Why, if a group of aliens were to show up in spacecraft in 2011 and judge us as a planet unworthy to continue - as in a real-life version of 'Hitchhiker's Guide to the Galaxy - and simple remove earth from the path of some interdimensional freeway, can't say I'd blame them. You're the exception, of course, but between you and me, we're outnumbered 100:1 by the unworthy.
Barring any change in conditions, the web bot project bids you 'so long and thanks for all the fish." Yeah, I'm still working on ways to get Cliff to change his mind, including embedding serial numbers in each copy of the report so we can go after individual infringers for damages, but that BS - to have to go to that extreme to protect proprietary work, isn't it?
UrbanSurvival, will of course, keep on - as will the in-depth analysis on www.peoplenomics.com, where I offer original analysis and look-ahead reporting.

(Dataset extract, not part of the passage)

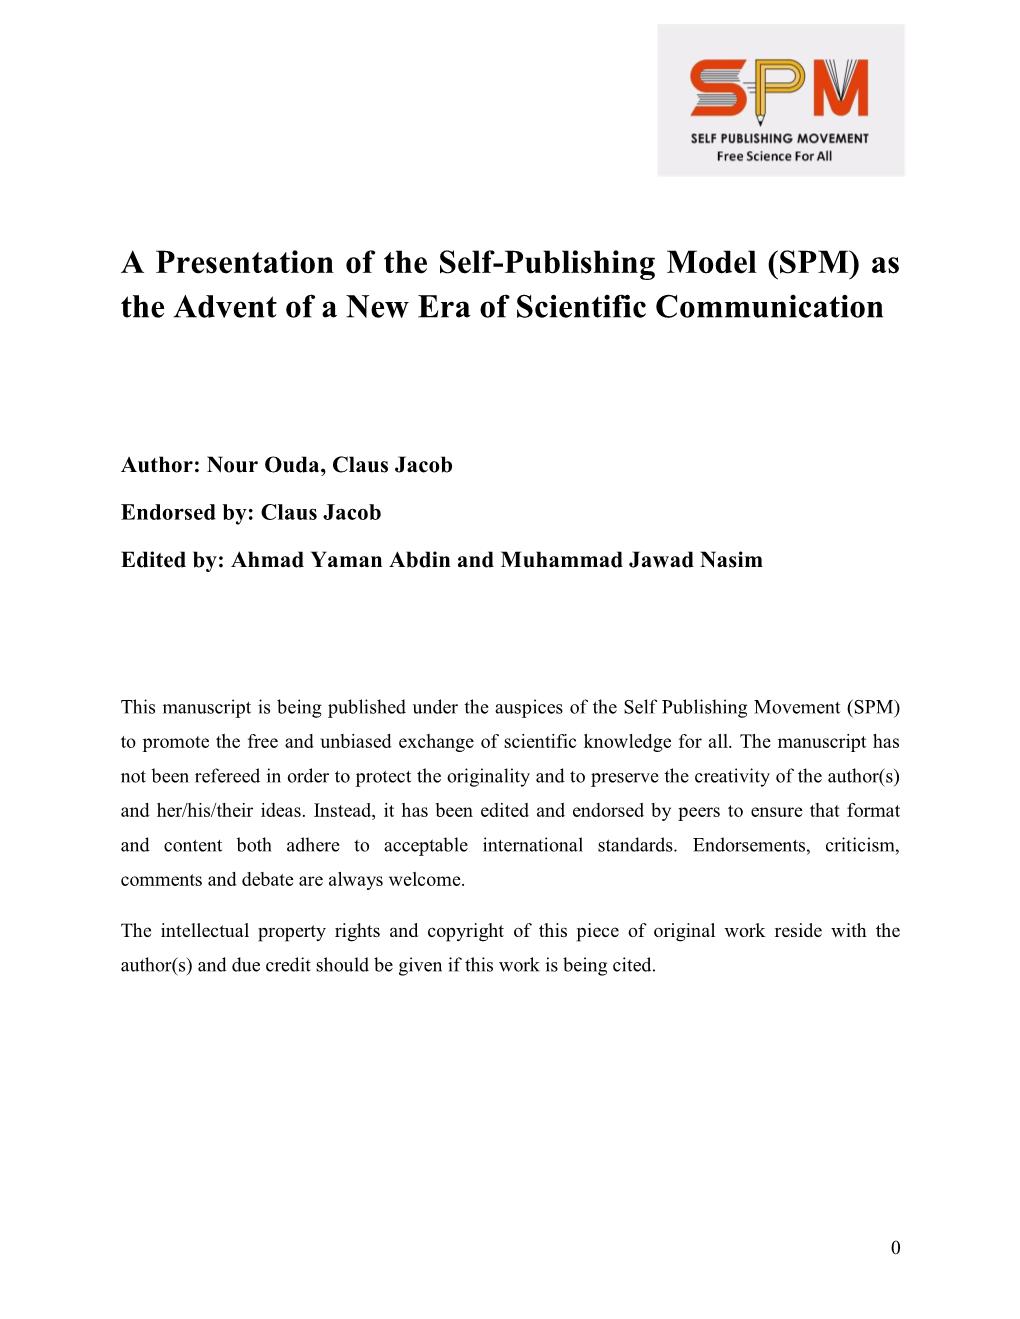 A Presentation of the Self-Publishing Model (SPM) As the Advent of a New Era of Scientific Communication

In the meantime, if we got one good future-jack out of it (rethinking of targets) and if that prevented a whole lot of ugly, then it will have been worthwhile overall.... which leaves the chief time monk and the junior TM's all pondering the "What next?" question.
BoTax Hey! Here's a grand plan: "Plastic Surgery Tax Eyed as a Revenue Raiser" reports CongressDaily.com. Wonder how much it will really raise, though? What's really needed is a little liposuction on the budget.
Consumer Confidence Because I have to be at jury duty this morning, I won't be able to update the site when new consumer confidence numbers are scheduled to be released. But, you should be able to click here and maybe find them later on.
News Translation Department The headline is "New Home Sales Jumped 11% in June from May."
Translation: Once flushed, seems like the water levels in the toilet refill.
But do they really? Here's the part from the housing report that doesn't get much play: From the 2007 peak, 2008 housing sales were down 37.5% for the whole year. Then, comparing 2008 year to date with 2009 year to date we're down a further 35.2%.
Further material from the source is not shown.